RECORDED INFORMATION:
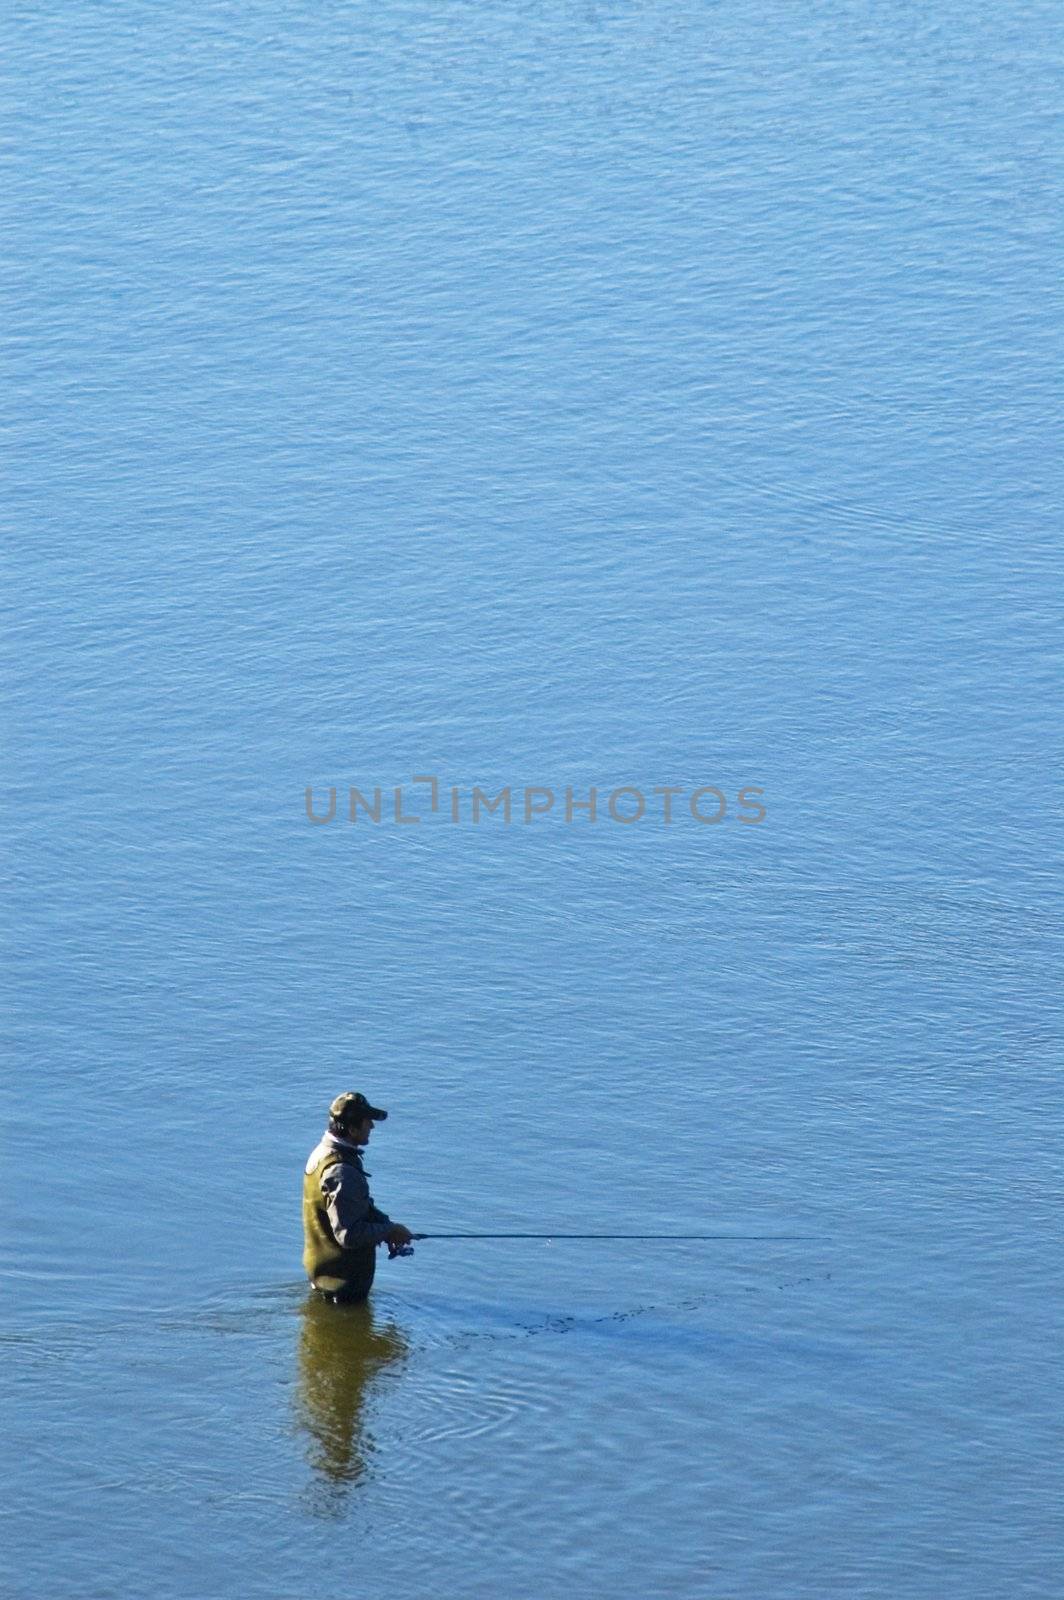 Fisherman go fishing in Vistula River.
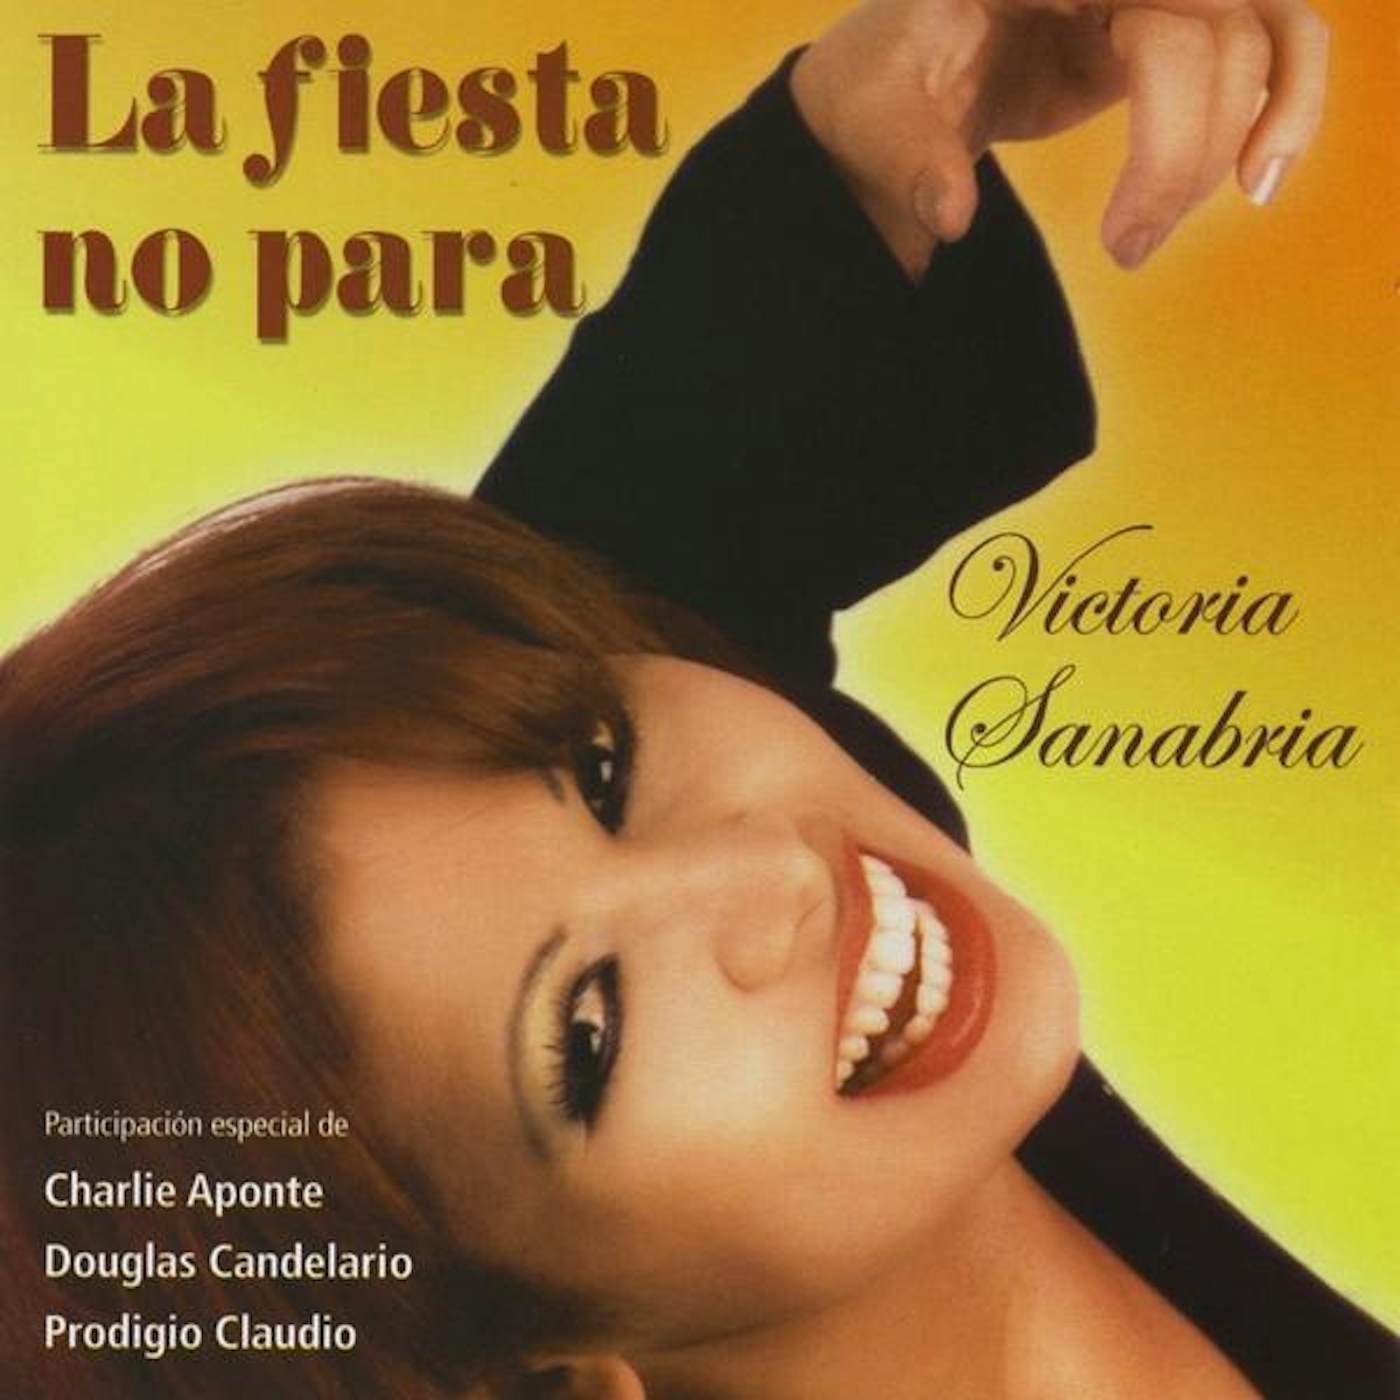 Victoria Sanabria LA FIESTA NO PARA CD
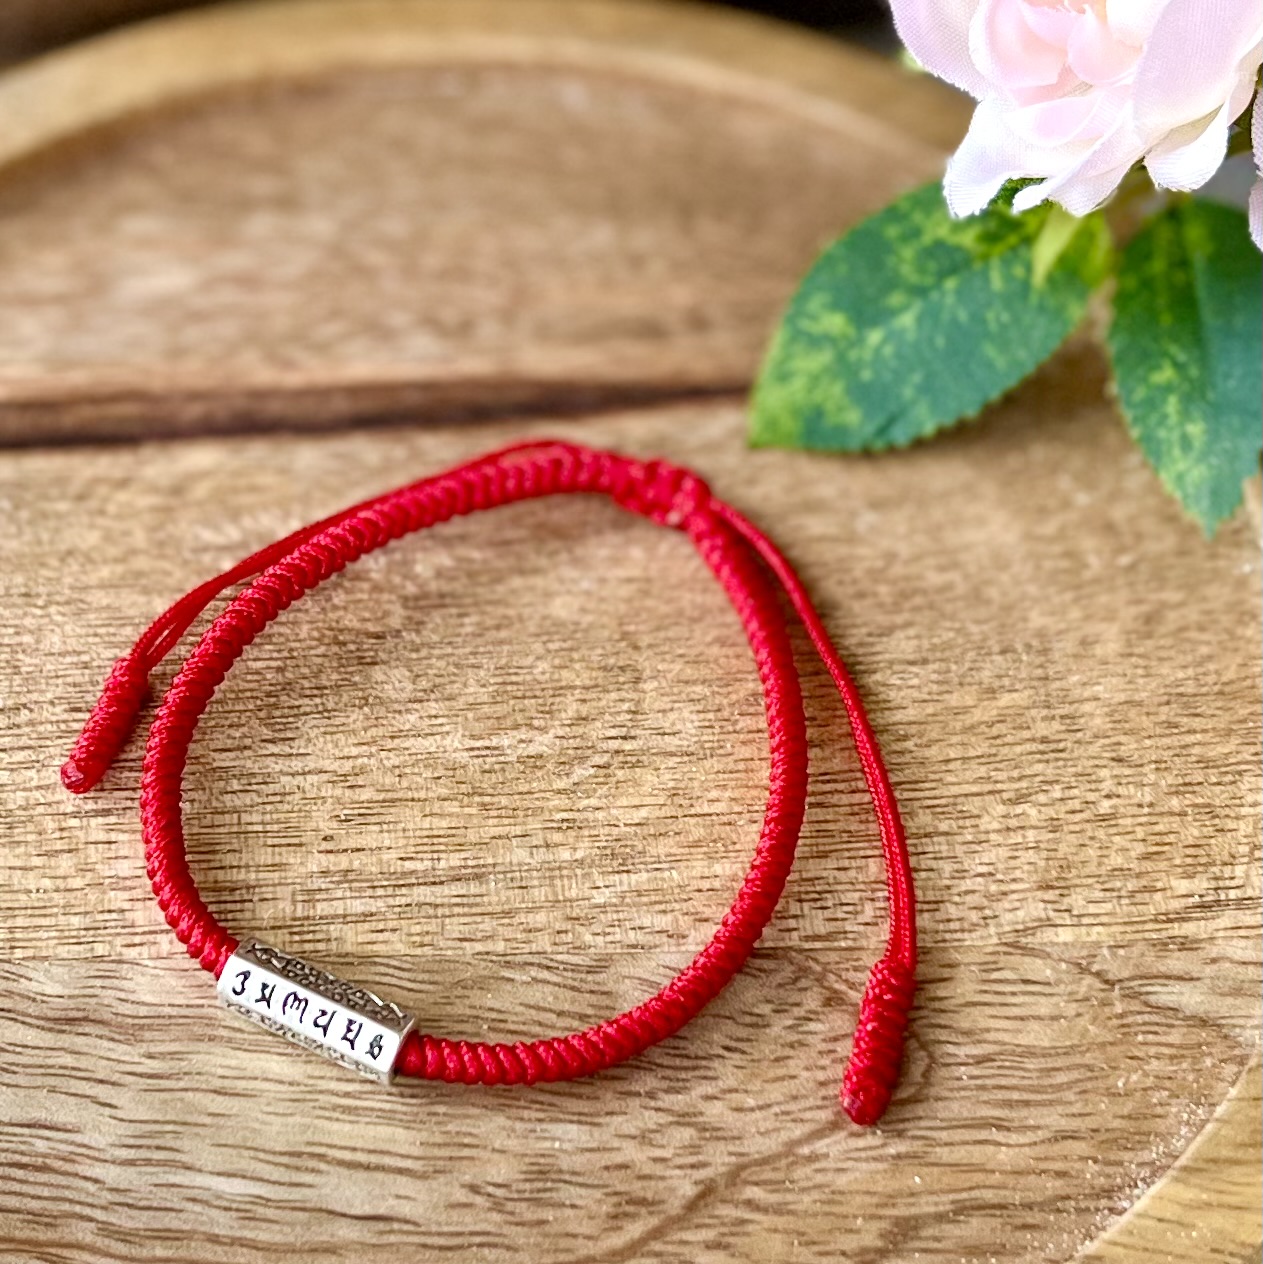 Le bracelet "Mantras" en Fil rouge sur un plateau en bois

GOAL OF THE EXERCISE: Reproduce, word for word, the lines from the one containing "Victoria Sanabria LA FIESTA NO PARA CD" through the final line above. Leave every picture out.

REPLY TO THE EXERCISE:
 Victoria Sanabria LA FIESTA NO PARA CD
 Le bracelet "Mantras" en Fil rouge sur un plateau en bois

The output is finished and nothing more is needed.